I was bullied badly at school ... I was looking at old school photos a few days ago which has set off some difficult memories , and I think as I’ve gotten older I’ve actually felt much worse about it all . If I think too much I start crying . I left school ten years ago at 18 so I can’t understand why it still plays on my mind now .

For example at lunchtime I was always alone, so I had to hide behind buildings so no one found me . I used to pretend I liked that but I hated it and I remember crying a lot at the time . If they did find me I had food thrown at me, and there was a hell of a lot of sexualised stuff as well that I think was assault .

It was never entirely sorted because if one person/group stopped another started, and was that way until I was 17 or so . I had ‘friends’ from age 16 but I knew they were laughing at me behind my back, sometimes more blatantly than others .

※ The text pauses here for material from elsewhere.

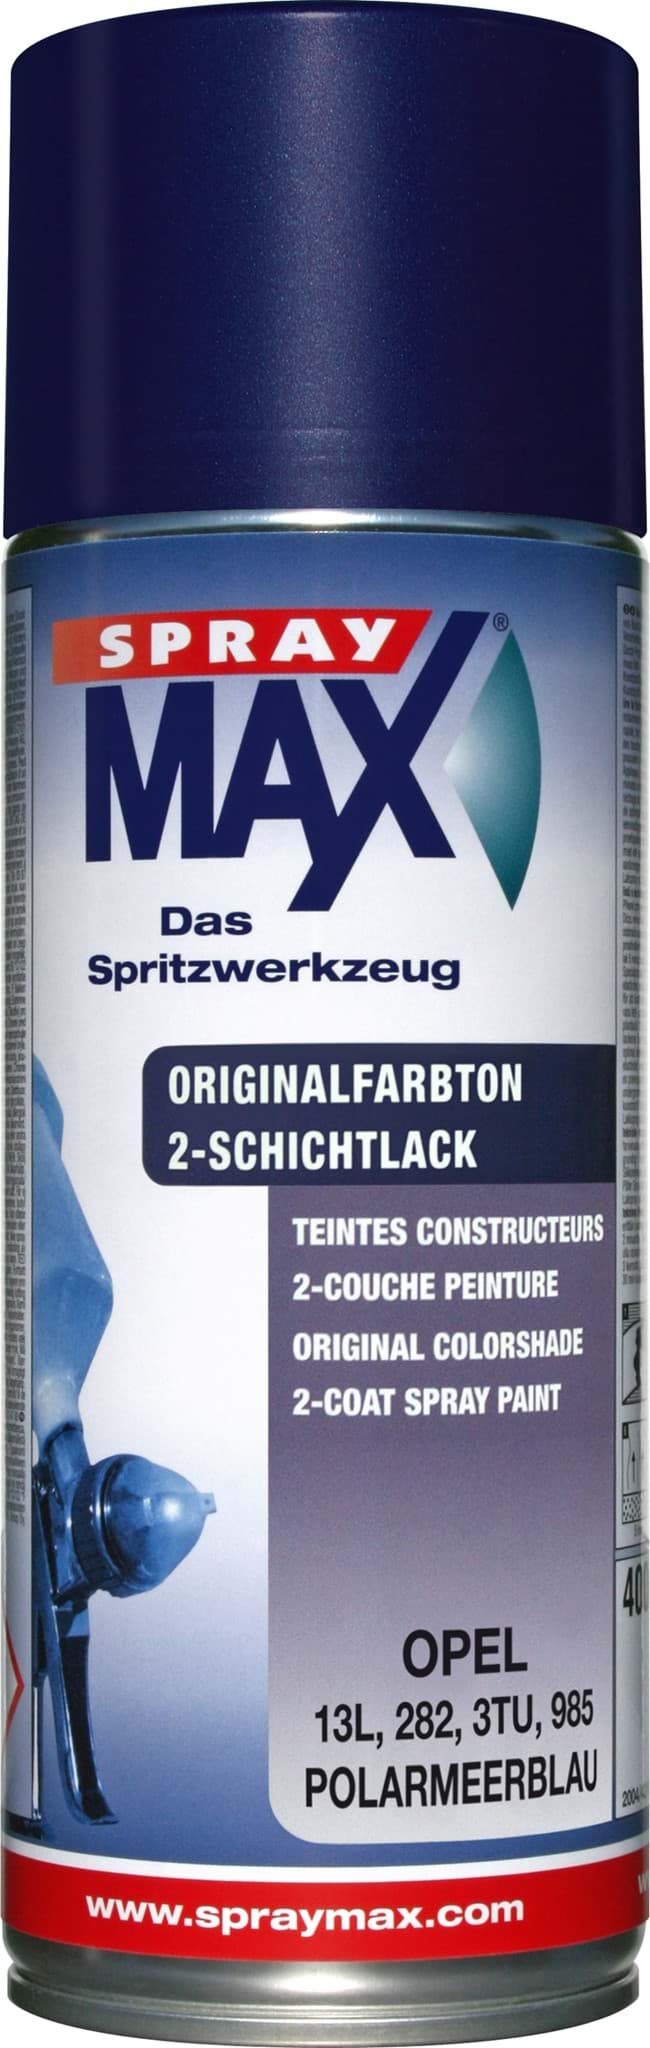 Obraz SprayMax Originalfarbton für Opel 282 polarmeerblau

I find myself questioning why, what I did that I could have done differently, if I was skinny , if I’d done my hair or make up or wore different clothes or was more ‘normal’ they’d not have laughed . I hardly look at photos of myself from that time period .

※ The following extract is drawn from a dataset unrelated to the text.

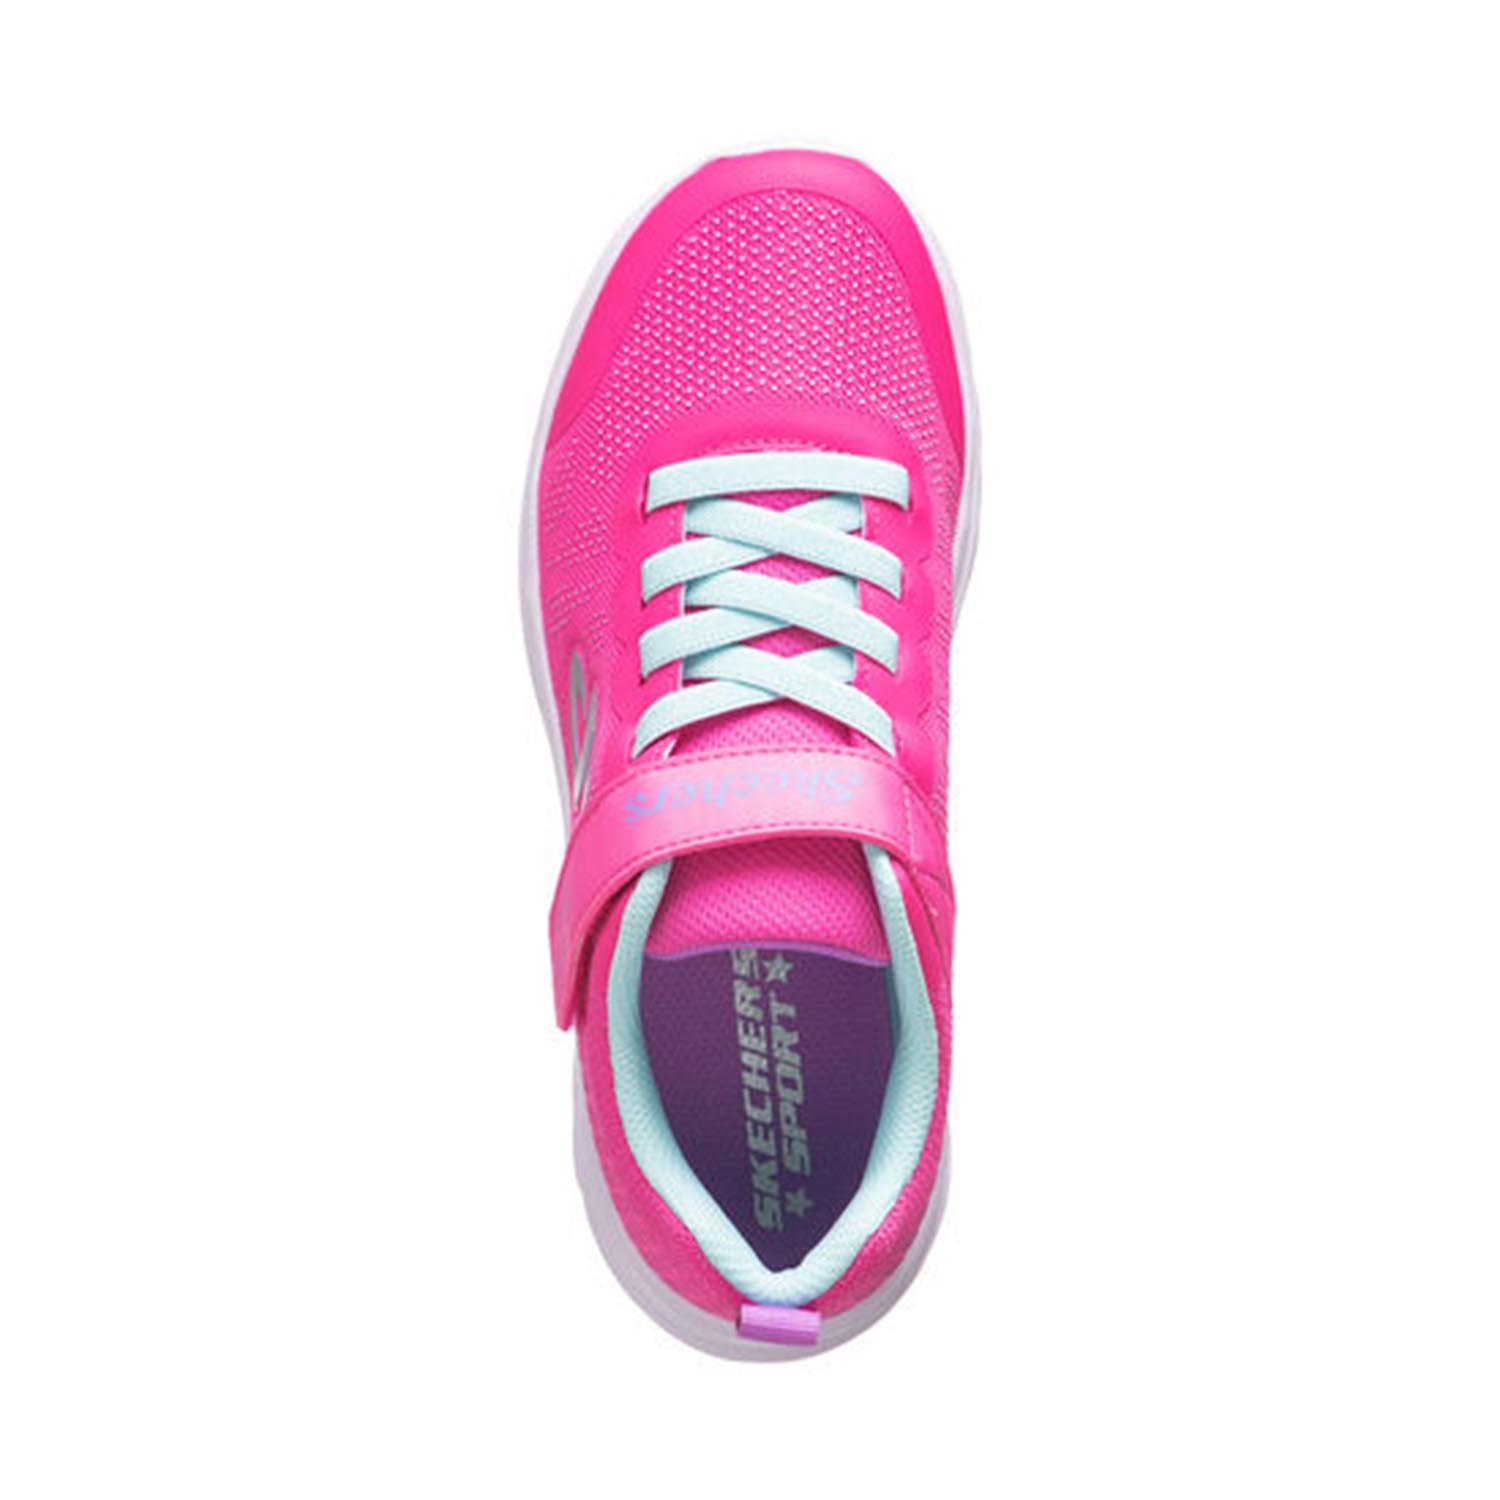 Skechers Kinder Dreamy Dancer - RADIANT ROGUE Mädchen Sneaker 302448L Pink

I’m much older now and I don’t have friends now because I’m scared they will feel the same way , I never let my guard down with my peers or older children/teenagers . Even my own cousins (17-30ish) I find I worry that they’re laughing at me .

I don’t understand why something that doesn’t happen now except in my own head (iyswim) should continue to upset me . Surely I should be ‘over’ it ?!

OP posts:
billy1966 · 20/09/2019 18:31

OP, you poor pet. That's hard to read, not to mind to have lived through. I wish I could give you a hug.

I'm certainly no therapist but you sound as if you have symptoms of something like PTSD. It sounds like you went through the most awful of times.

I think you are being very hard on yourself, thinking you can move on from this on your own.

I would suggest it could be very helpful to look for counseling and emotional support to help you deal with the huge hurt you feel.

To put your hugely justified hurt in perspective, my eldest didn't settle in his first year in secondary. He was quiet and hadn't any friends that he clicked with and spent lunch on his own. Now nobody was being unkind in anyway but he was lonely and sad. His father and I were heartbroken for him while trying to jolly him along. It all worked out very well for him the following year but we will never forget our upset and worry for him.
This is absolutely nothing compared with what you have gone through but 6 years later, I still feel myself filling up when I think of that time for my darling boy.

What you have experienced is hugely painful. You need to acknowledge this before you can move forward. No wonder you cry when you see those painful photos. No doubt you'd like to hug that younger you. Why wouldn't you.